Ogni orologio al polso racconta una storia di innovazione. La storia dell’orologeria moderna attraversa tre continenti: Svizzera, Stati Uniti e Giappone. Ogni paese ha contribuito con un’innovazione che ha cambiato il modo di misurare il tempo: l’automatico, l’elettrico e il quarzo.

1. L’orologio automatico: la rivoluzione svizzera

Nel 1931 Rolex lancia l’Oyster Perpetual, il primo orologio automatico prodotto su larga scala.

Grazie a un rotore interno che sfrutta il movimento del polso per ricaricare la molla, l’orologio non ha più bisogno di carica manuale quotidiana.
Questa innovazione stabilisce lo standard per tutti gli orologi automatici di alta qualità e segna l’inizio della moderna orologeria svizzera.

2. Il primo orologio elettrico: l’innovazione americana

Nel 1957 la Hamilton Watch Company introduce il Ventura, il primo orologio elettrico disponibile sul mercato, seguito dall'Accutron della Bulova.

Movimenti concettualmente simili, alimentati da batteria.
È il primo passo verso orologi più precisi e meno dipendenti dalla sola meccanica.

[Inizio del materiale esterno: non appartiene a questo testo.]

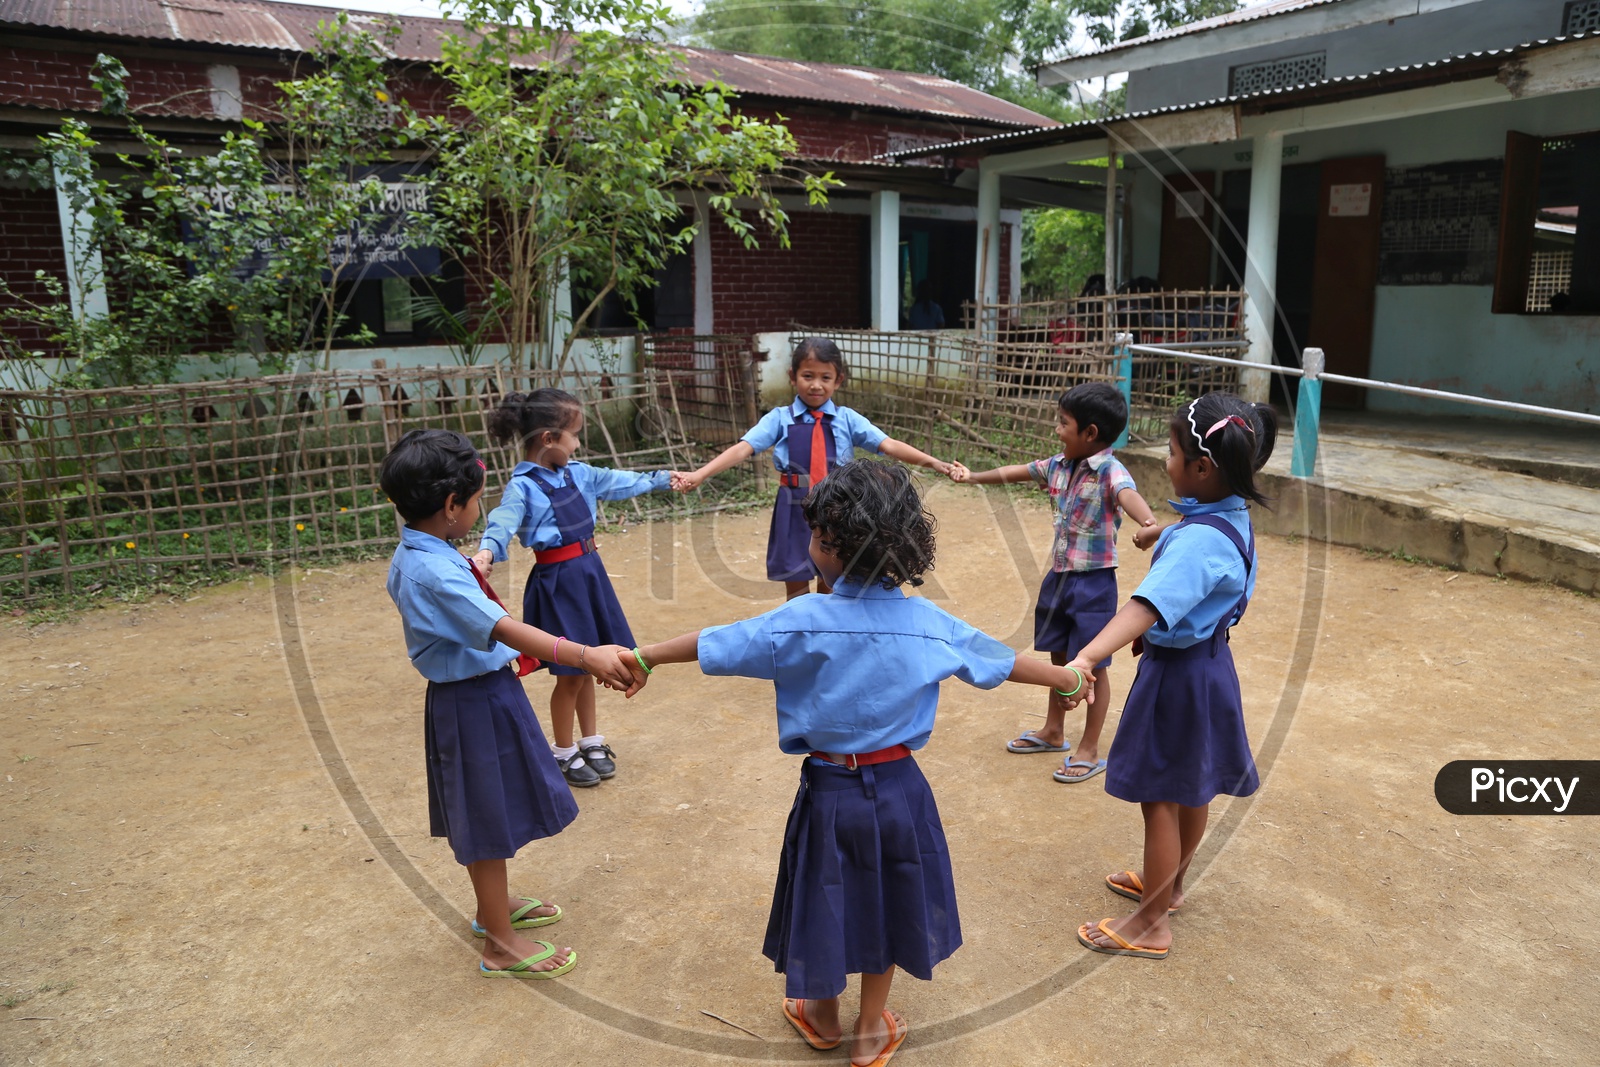 School children Or  School Students Wearing Uniforms And Playing Happily  in a Rural Village School Compound Or Premise
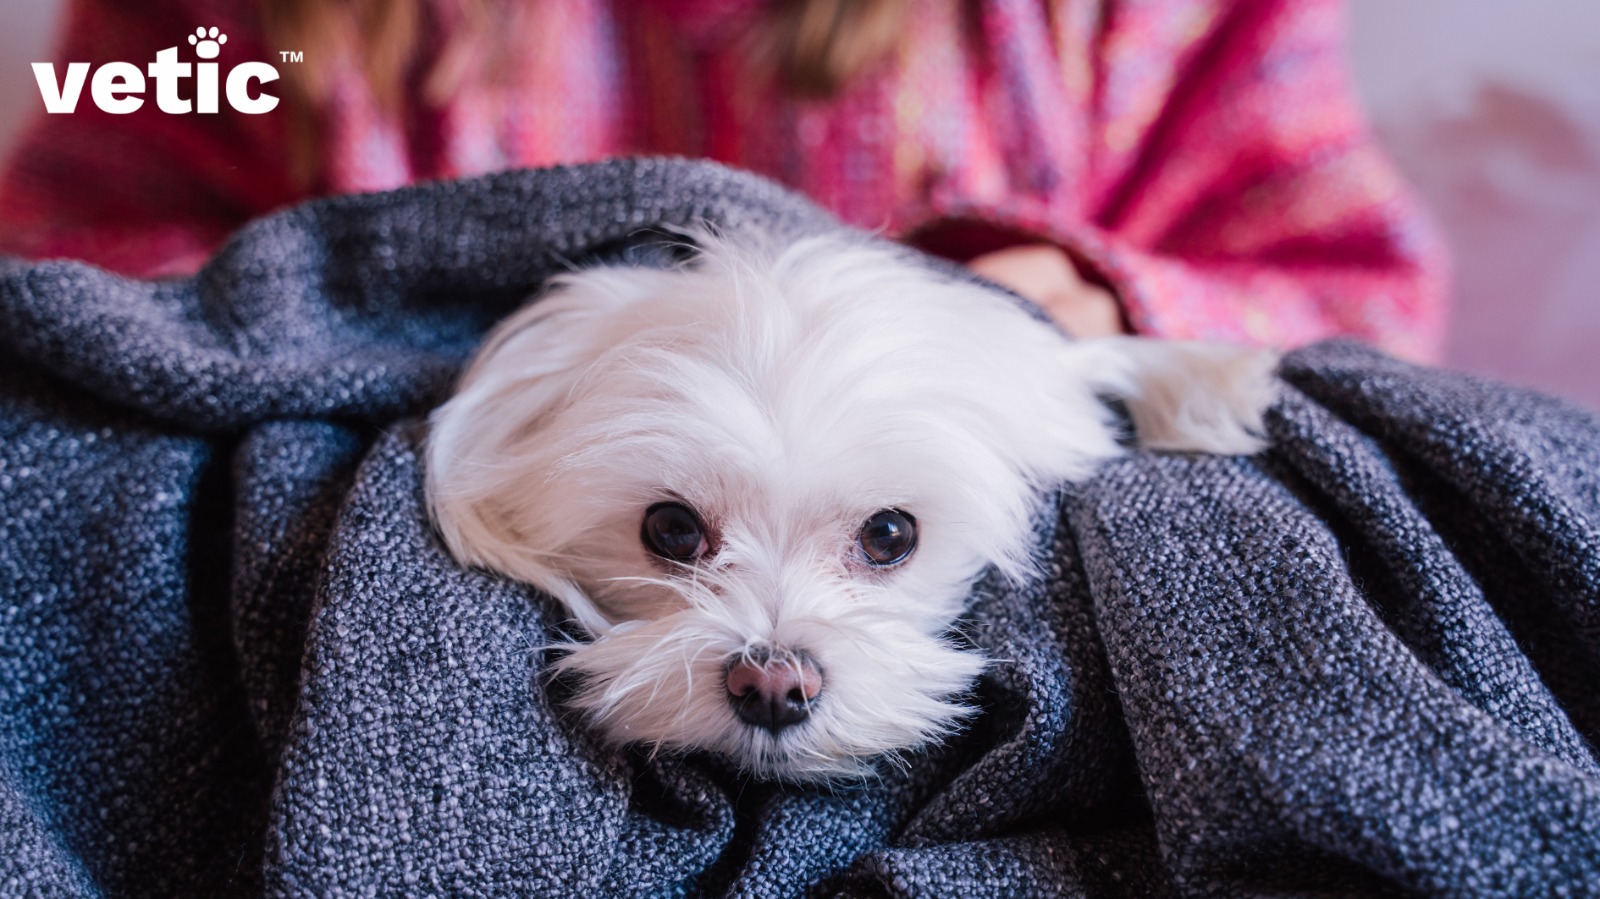 Tiny Maltese pup sitting wrapped in a grey blanket with just the head out, looking right at the camera.

3. La rivoluzione del quarzo: l’impatto giapponese

Nel 1969 il Giappone cambia le regole con Seiko  e il suo Astron, il primo orologio al quarzo venduto al pubblico.

Al posto del bilanciere e della spirale, il tempo viene regolato da un cristallo di quarzo alimentato a batteria, garantendo una precisione senza precedenti.
Questa innovazione segna l’inizio della “crisi del quarzo” in Svizzera e ridefinisce il mercato globale.

4. Conclusione

Dal primo automatico al quarzo, passando per il movimento elettrico, la storia dell’orologeria è una corsa continua all’innovazione.
Oggi scegliere un orologio significa indossare un simbolo di ingegno, tecnologia e design che attraversa continenti e generazioni.